◆ EXERCISE OBJECTIVE
In the records below, reproduce exactly the lines from the one containing "bad-breath-boys-1-graffiti-hanauer-landstrasse" through the one containing "beach in Majorca", both included, and omit the pictures.

◆ SOURCE MATERIAL
------------------------------
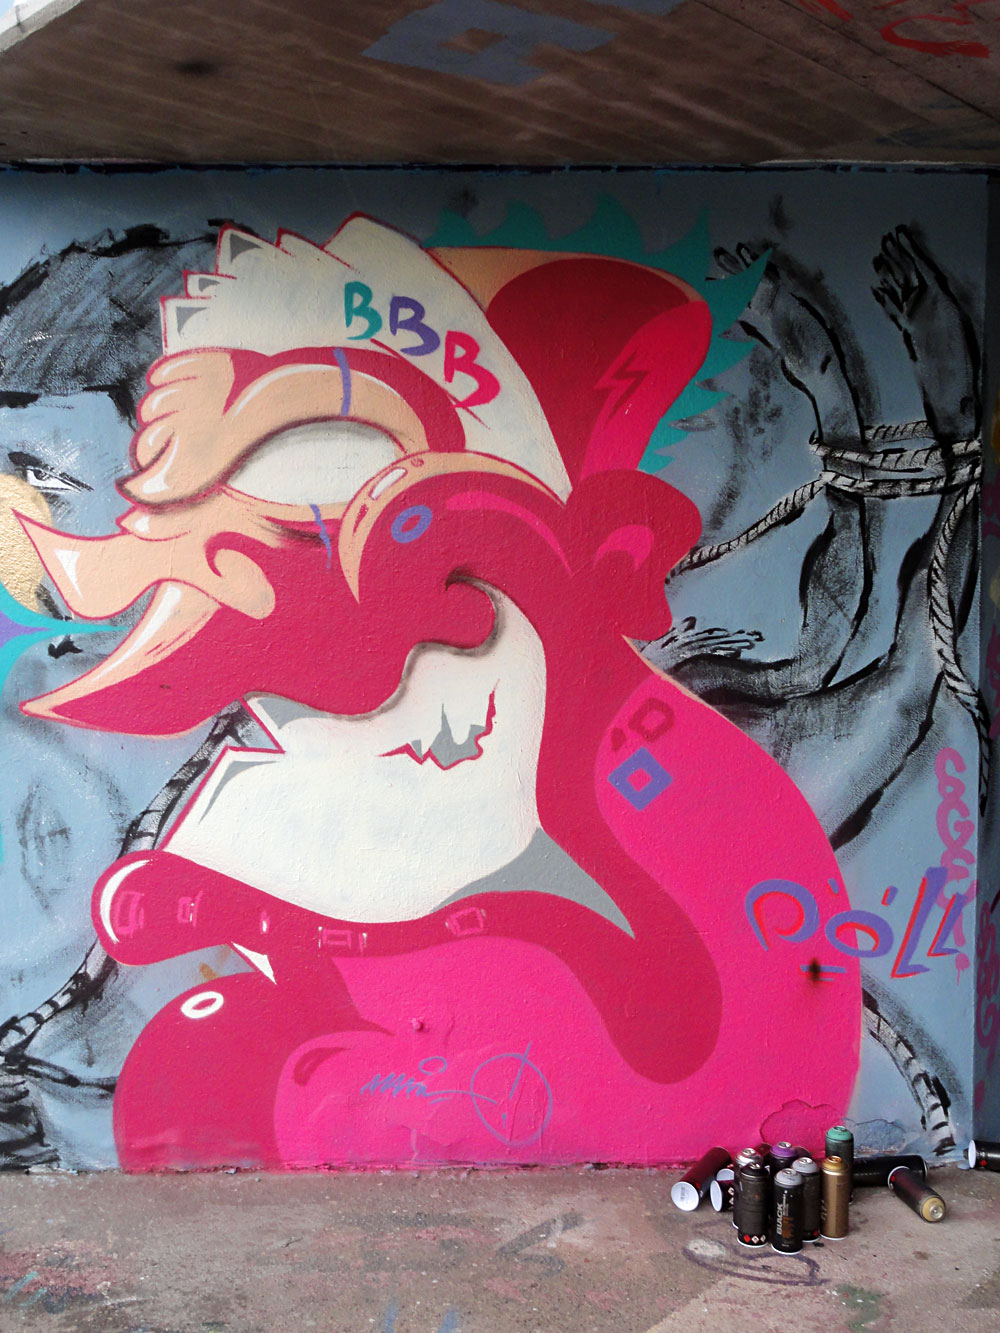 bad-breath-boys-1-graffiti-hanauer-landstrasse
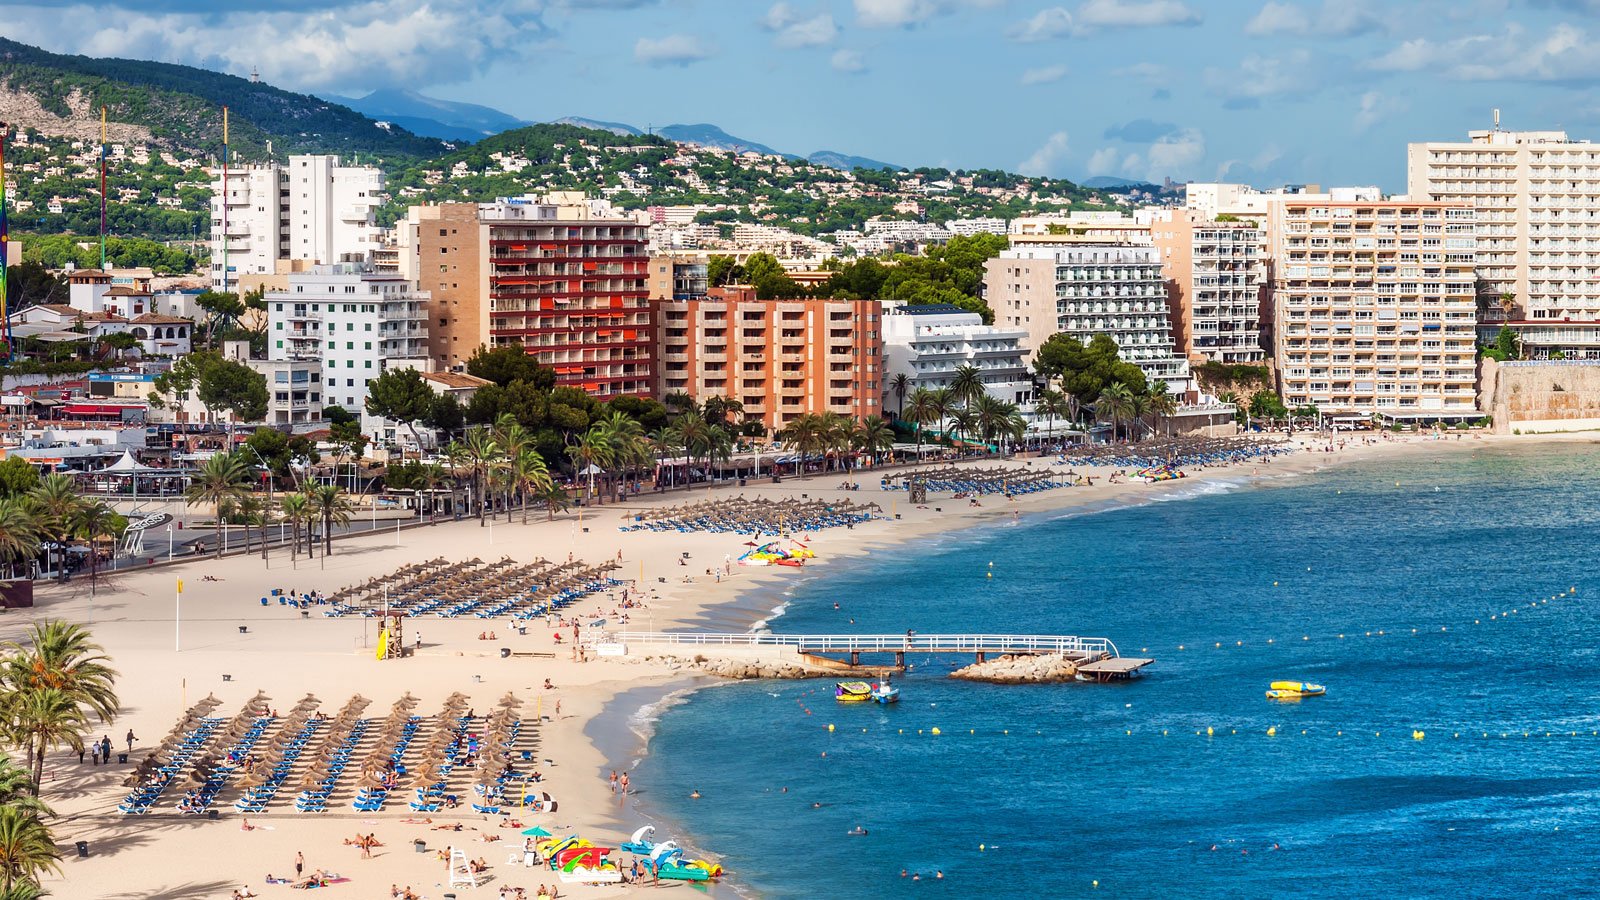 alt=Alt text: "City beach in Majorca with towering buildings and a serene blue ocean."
------------------------------
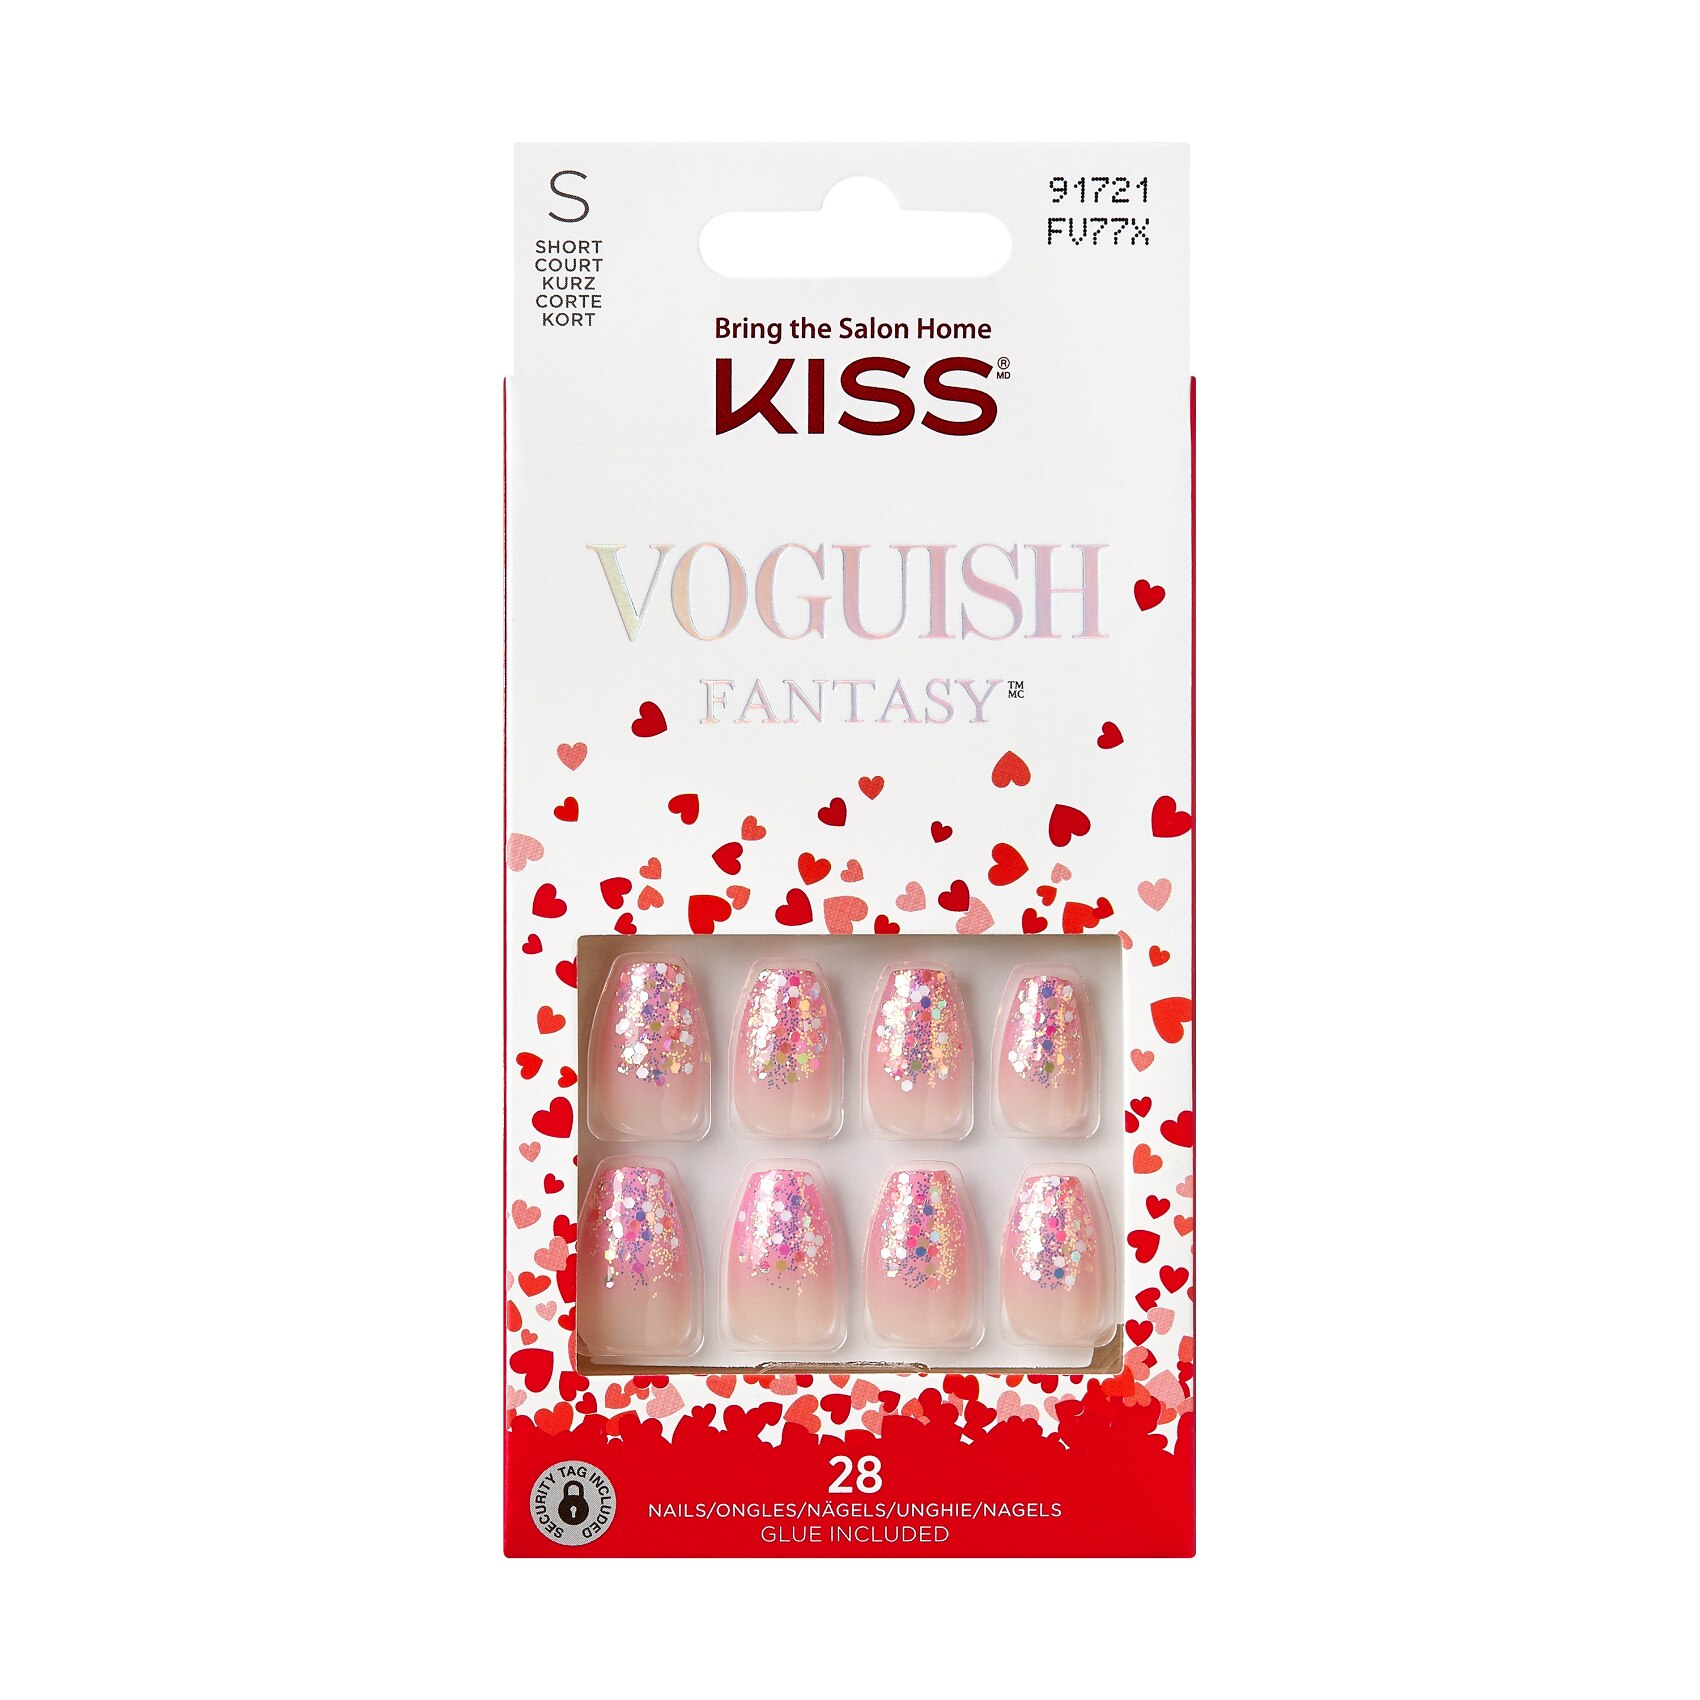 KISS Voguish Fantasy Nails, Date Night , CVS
------------------------------
◆ SOLUTION BELOW
 bad-breath-boys-1-graffiti-hanauer-landstrasse
 alt=Alt text: "City beach in Majorca with towering buildings and a serene blue ocean."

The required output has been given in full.